> [Work to complete]
The full listing should be written out verbatim, and its images should be dropped.

> [Data shown]
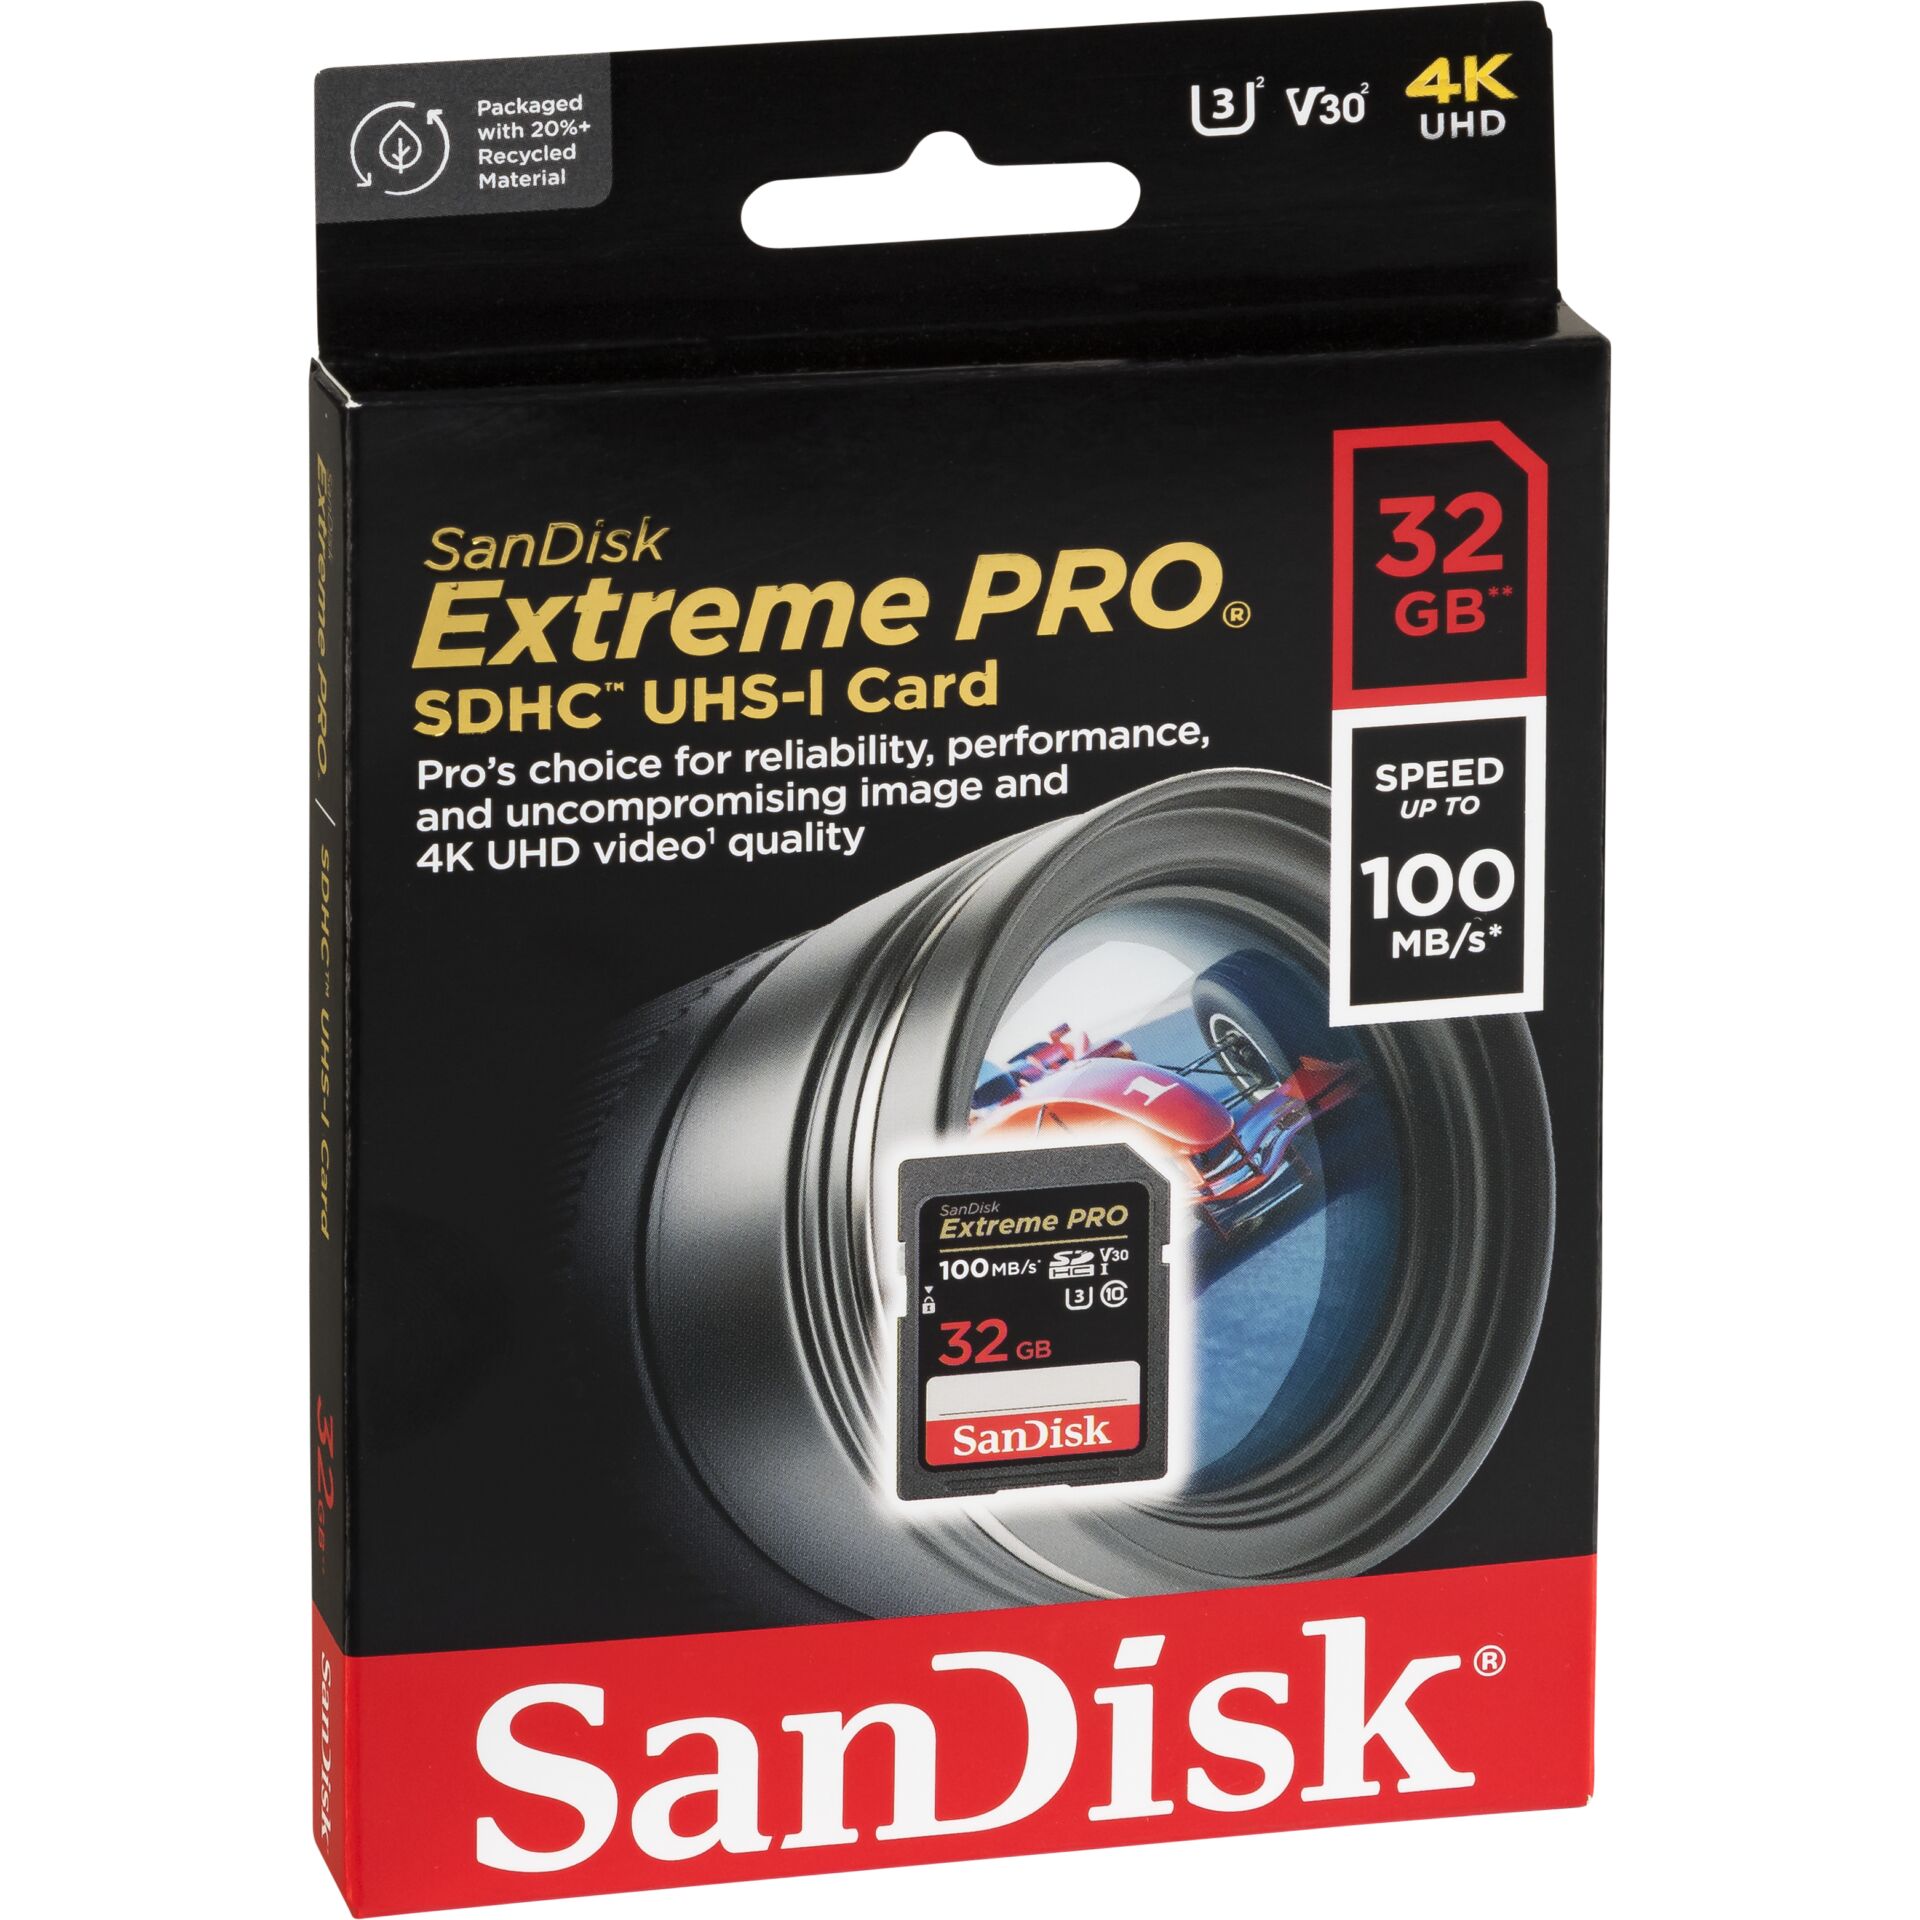 32 GB SanDisk Extreme PRO SDHC Speicherkarte, lesen: 100MB/s, schreiben: 90MB/s
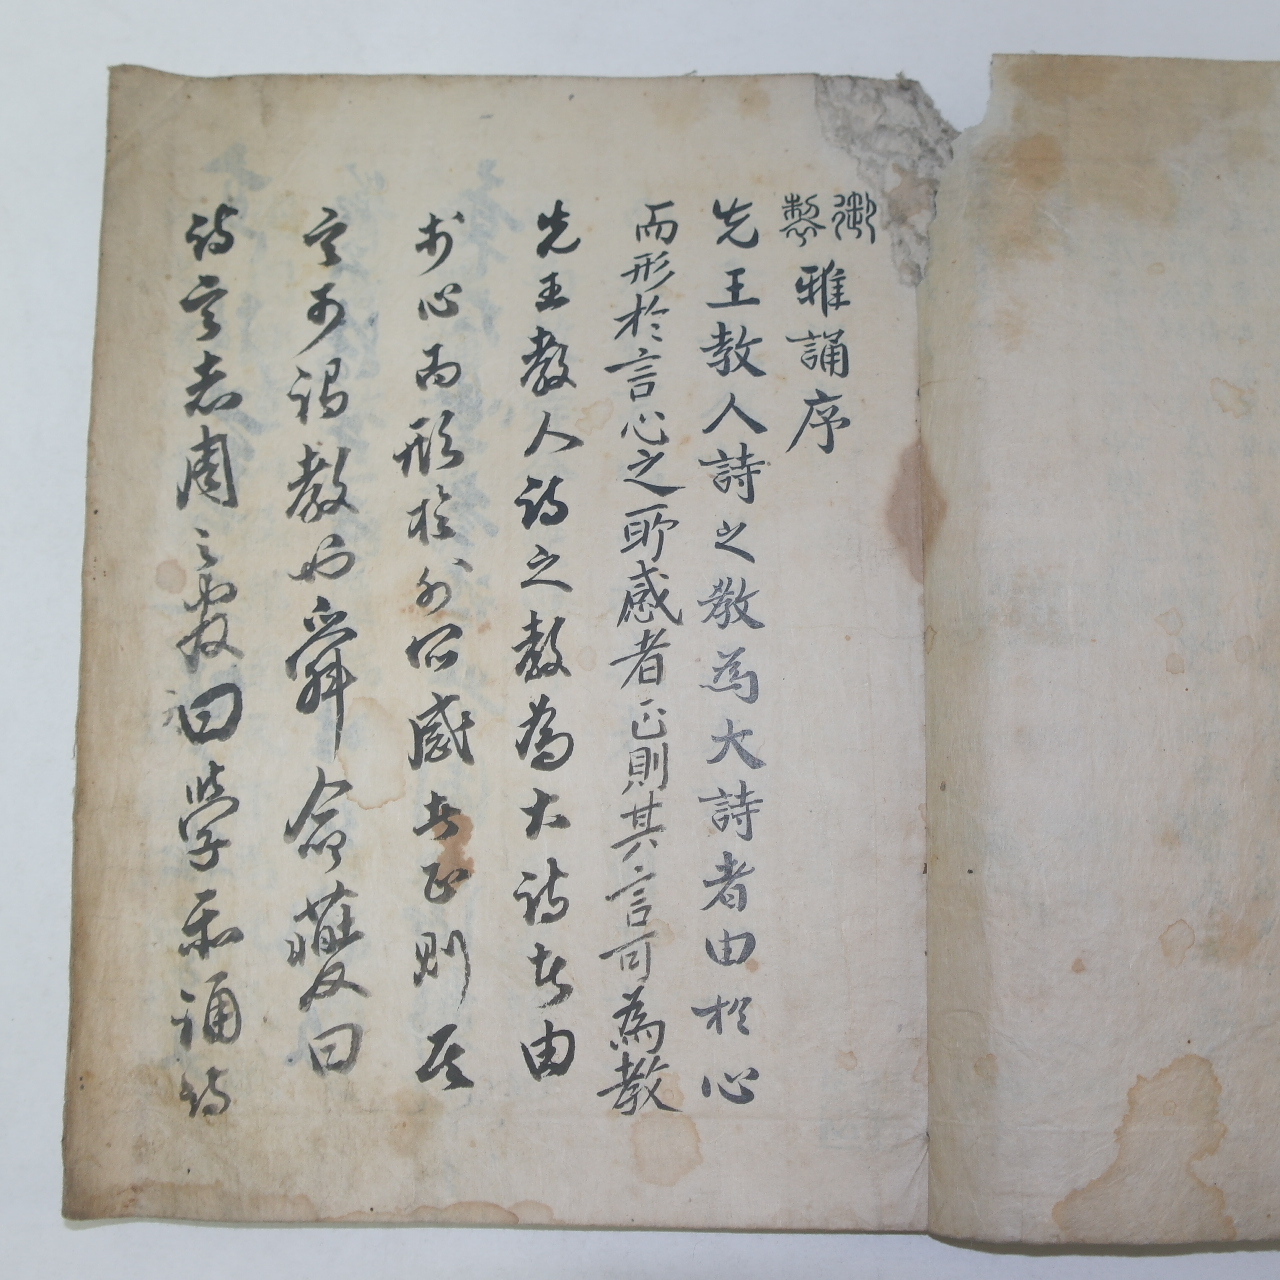 300년이상된 다듬이장지에 고필사본 아송(雅誦)권1~4  1책
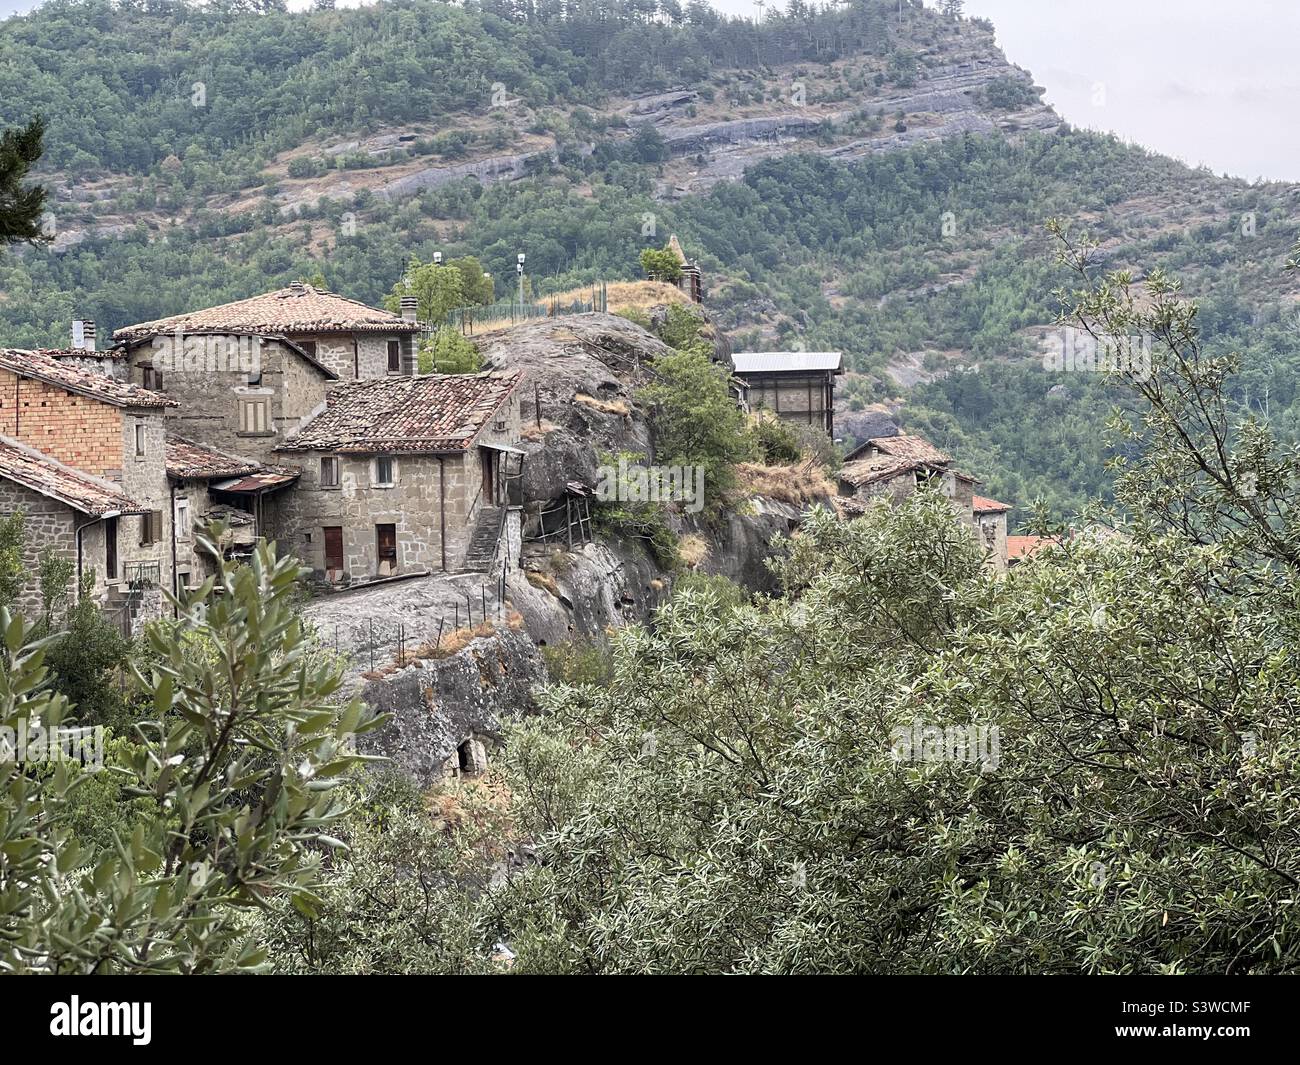 Tallacano village, Ascoli Piceno province, Marche region, Italy Stock Photo

> [Response area]
 32 GB SanDisk Extreme PRO SDHC Speicherkarte, lesen: 100MB/s, schreiben: 90MB/s
 300년이상된 다듬이장지에 고필사본 아송(雅誦)권1~4  1책
 Tallacano village, Ascoli Piceno province, Marche region, Italy Stock Photo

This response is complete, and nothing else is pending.